For many Israeli and Jews, Prosor was like a diplomatic Daniel in the lions’ den, or, since it’s the UN we’re talking about, in the vipers’ nest. Prime Minister Netanyahu, who was once in Prosor’s shoes and knows better than most how to recognize a job well done, immediately called his ambassador to tell him how proud he was, as well he should be. Prosor presented his government’s position clearly, faithfully and eloquently.

That, of course, is why it was so one-sided, so self-righteous, so accusatory and so completely devoid of any hint of introspection or scintilla of self-doubt. In Prosor’s speech, as in the statements of his superiors, as in the minds of so many Israelis, there is no occupation, no settlements, no Israeli fault, guilt or responsibility for even a minute sliver of the Israeli-Palestinian stalemate, no hint of any sympathy or empathy for the other side, no recognition of even a tiny iota of their suffering.

And Prosor’s speech, you must remember, was like an outpouring of selfless Mother Theresa humanitarianism compared to the hateful, whining, blindly one-sided speech delivered minutes earlier by Abbas. Except for genocide and extermination, Abbas hurled every liberation ideology cliché and Third World epithet in the book at Israel, including aggression, apartheid, displacement, dispossession, ethnic cleansing, murder, mayhem, martyrdom and Nakba, of course.

Abbas had no words of regret for decades of Palestinian rejectionism, no minute of remorse for the  many hundreds of innocent Israeli civilians massacred in Palestinian terror attacks, no second thoughts about the countless opportunities for peace squandered by Palestinian leaders who could never settle for anything less than all of their demands, no sympathy or empathy or even understanding for a country that has been threatened with extinction from its inception to this very day by some of Abbas’ own countrymen and co-religionists.
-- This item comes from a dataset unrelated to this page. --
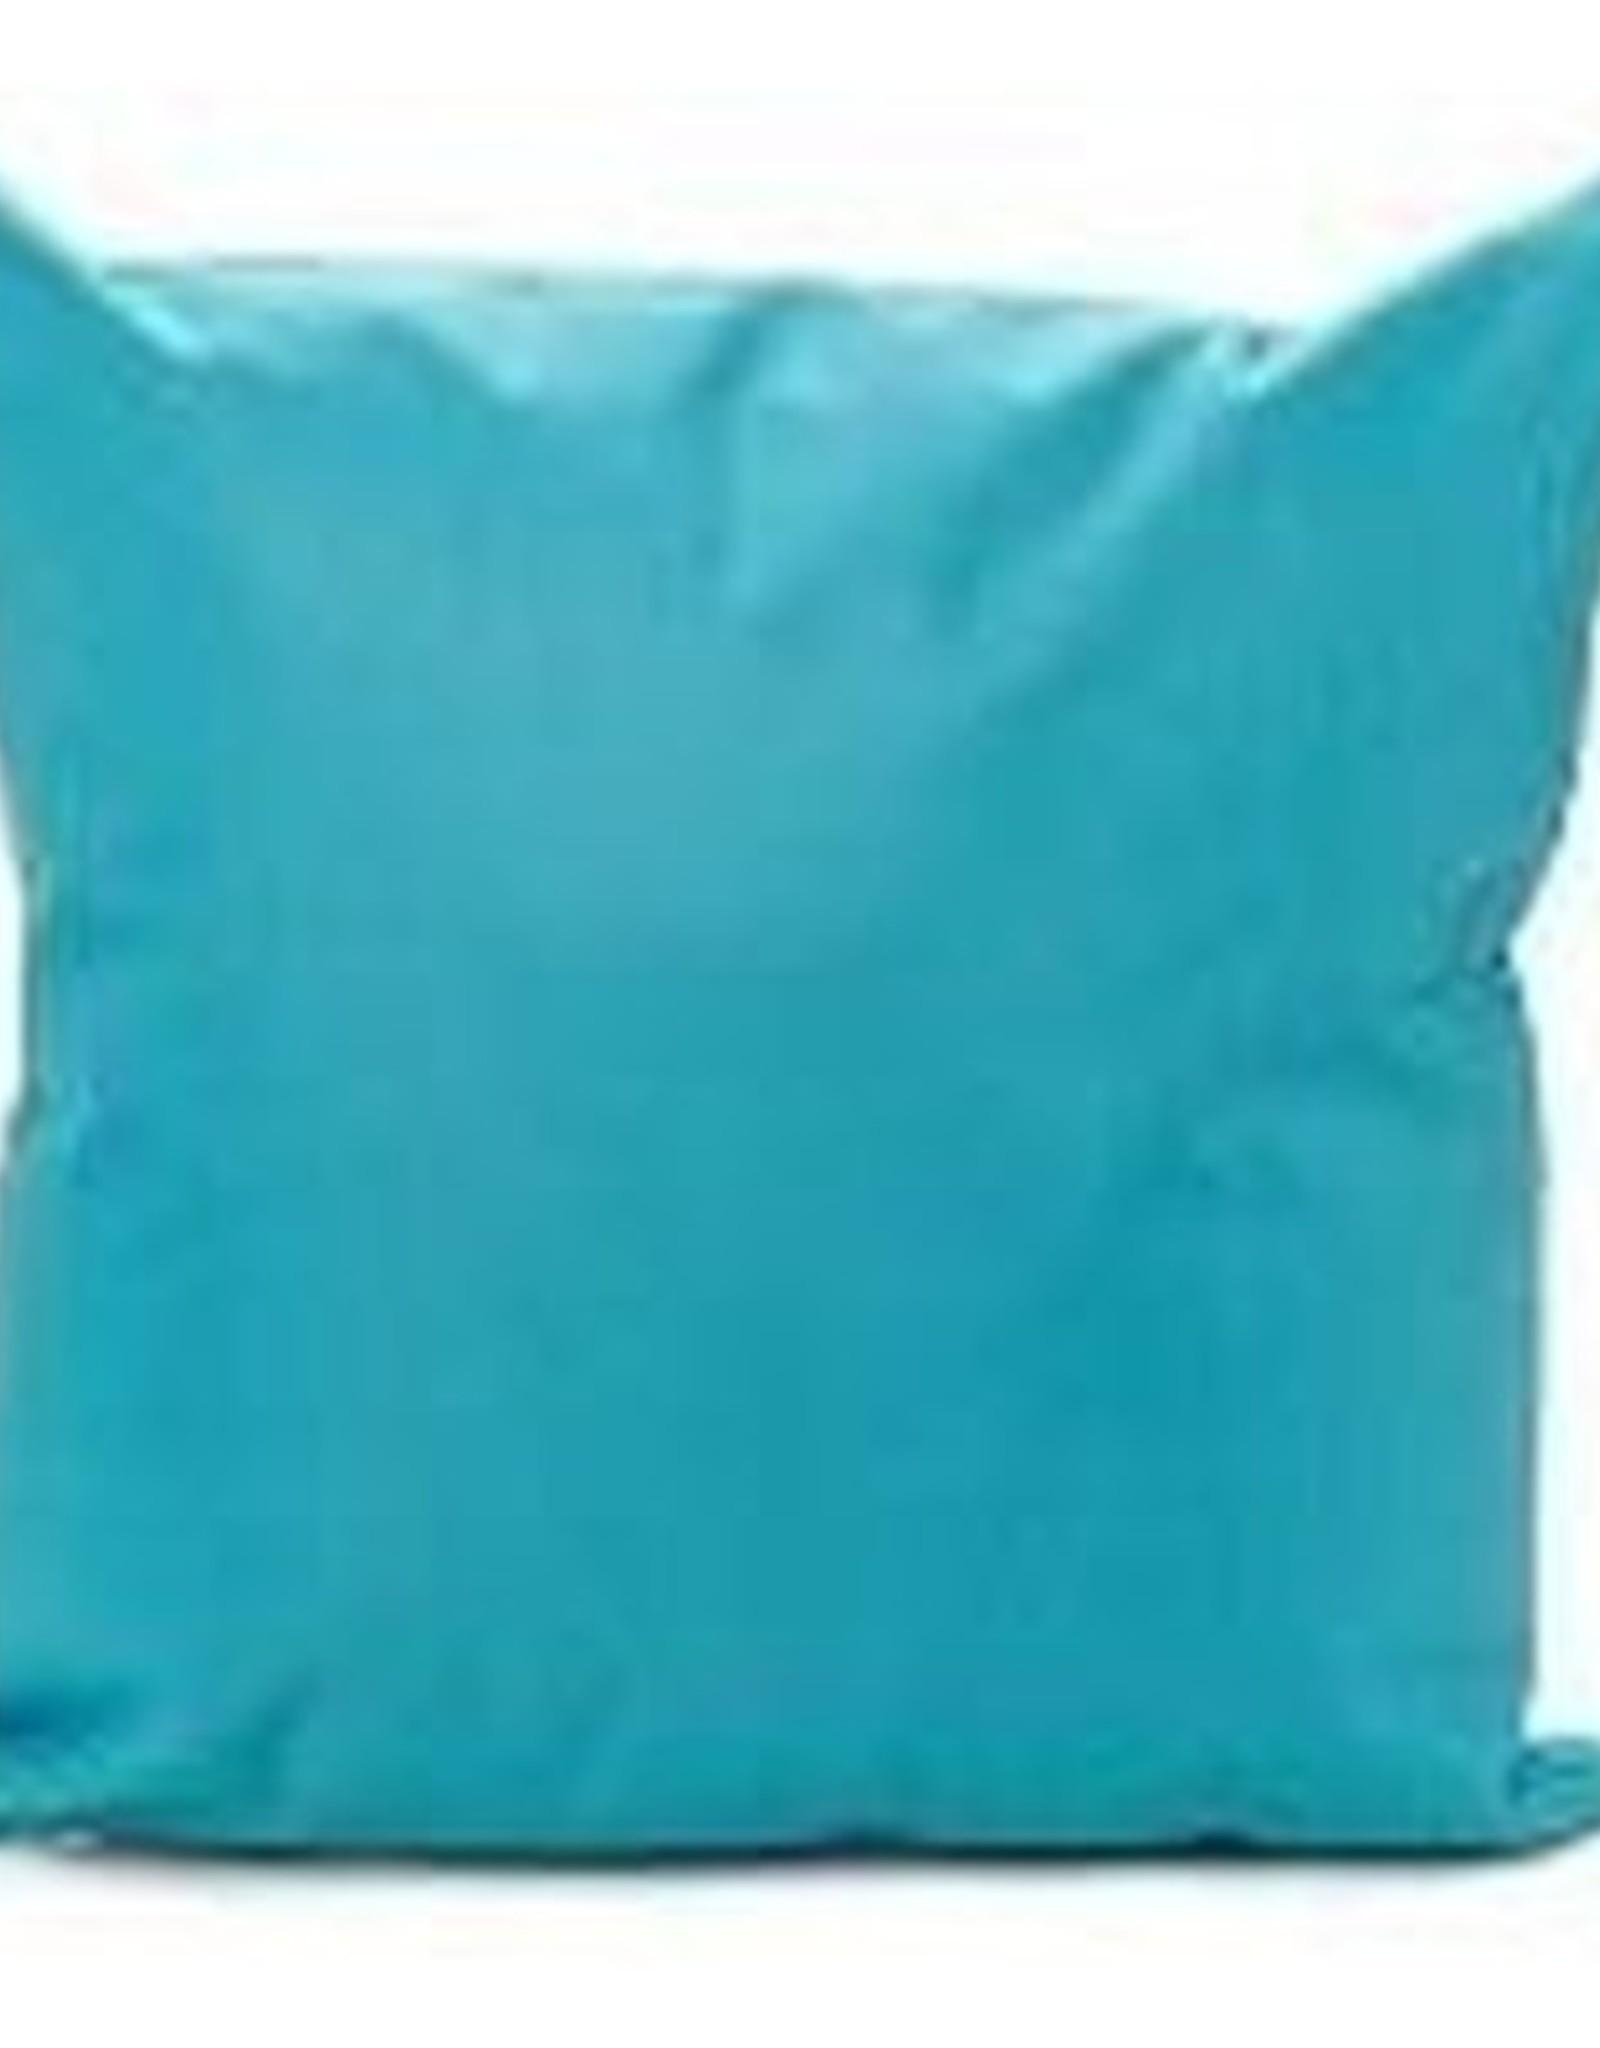 Cushion Cover Harman 18x18 Blue

Perhaps it wasn’t a historic turnaround, as many Palestinians claimed, but it was far from being inconsequential, as Israel tried to convince itself.  It was, in fact, yet another in a long line of desperate days of despair from two obstinate, rudderless  and leaderless nations, both enslaved by their own  slogans and symbols, who have done bloody battle with each other for 64 years but still manage to sound as if they’ve learned nothing and forgotten nothing. And who are no closer to making peace with each than they were on that truly historic November 29 in 1947 when the United Nations decided on the only solution that was, is and will forever be feasible:  partition.

2. By the time the voting actually started, Israel’s expectations had sunk so low that the actual results somehow came as a pleasant surprise. Nine against? We thought there would only be seven. And we’ve even heard of five of them! Imagine that.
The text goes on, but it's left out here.